Whilst that is what the spec says *should* happen, and it does as far
as I can tell in IE and Firefox (and likely Mozilla and Netscape),
scripts seem to linger in Safari and OmniWeb.

The point being that for some browsers, scripts are not replaced (or
at
least, not entirely). I guess this is a bug or at best an
inconsistency with the HTML specification, but developers should not
expect that all contents are removed just by re-opening the document
and writing to it.

I could not disagree more strongly. Developers should assume without
exception that issuing document.open(), document.write() (which
implicitly calls document.open()), location.href = value, Form#submit()
or any other action that causes the browser to navigate or re-write the
main window content will cause the current document and all script
contained in the current window to be immediately unavailable. Your
example demonstrated behaviour which authors of client-side code should
not even attempt to rely on.

I even regard: <body onunload="alert('Leaving...');"> to be "incorrect"
(although it appears to work in IE 6.0.2900 and Firefox 1.0).

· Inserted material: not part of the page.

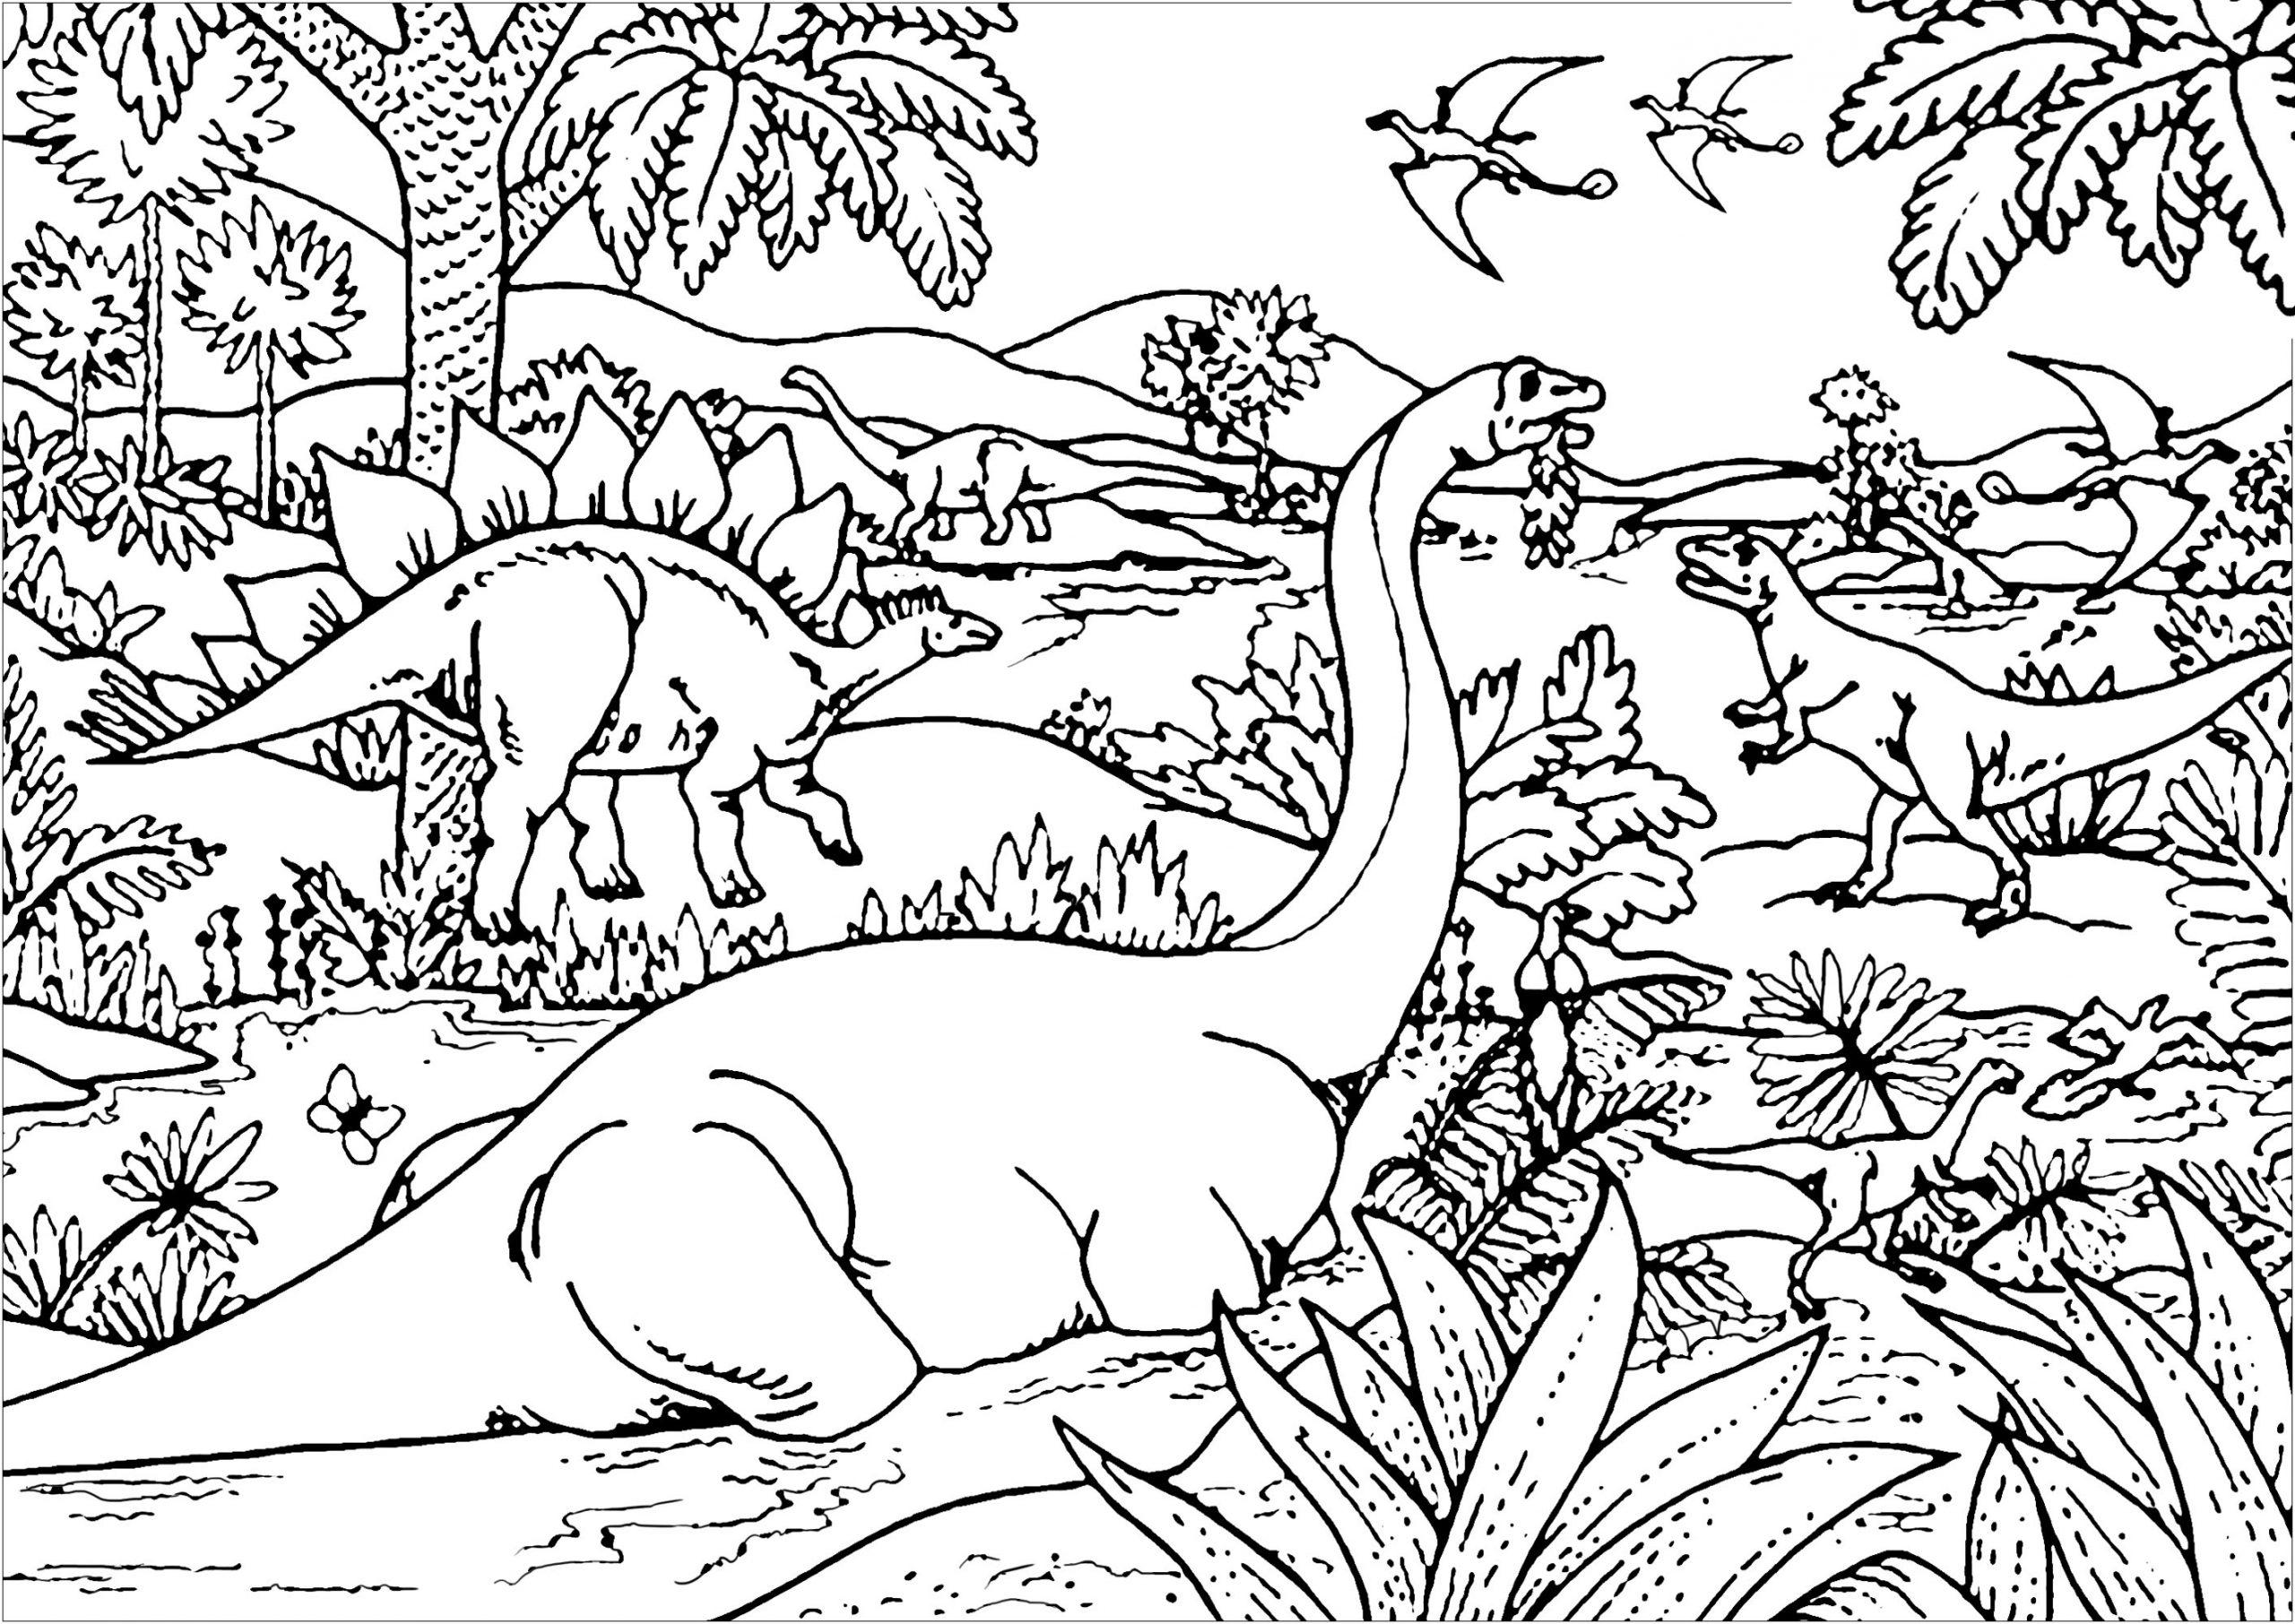 Dinosaurier 10703 - Dinosaurier - Malbuch Fur Erwachsene bei Mandala Dino

The onunload event fires when the page is unloaded. The code that is
attached to that event is (or in my mind should be) destroyed but the
very event which triggers it.

How would I use onunload then? Well, I wouldn't. But if I did, I'd have
code in another frame, or window, which executes when the event
triggers. Of course, this still leaves the tricky problem that the call
to the code in the other frame or window is wrapped in an anonymous
function in the destroyed window, but I'll overlook that.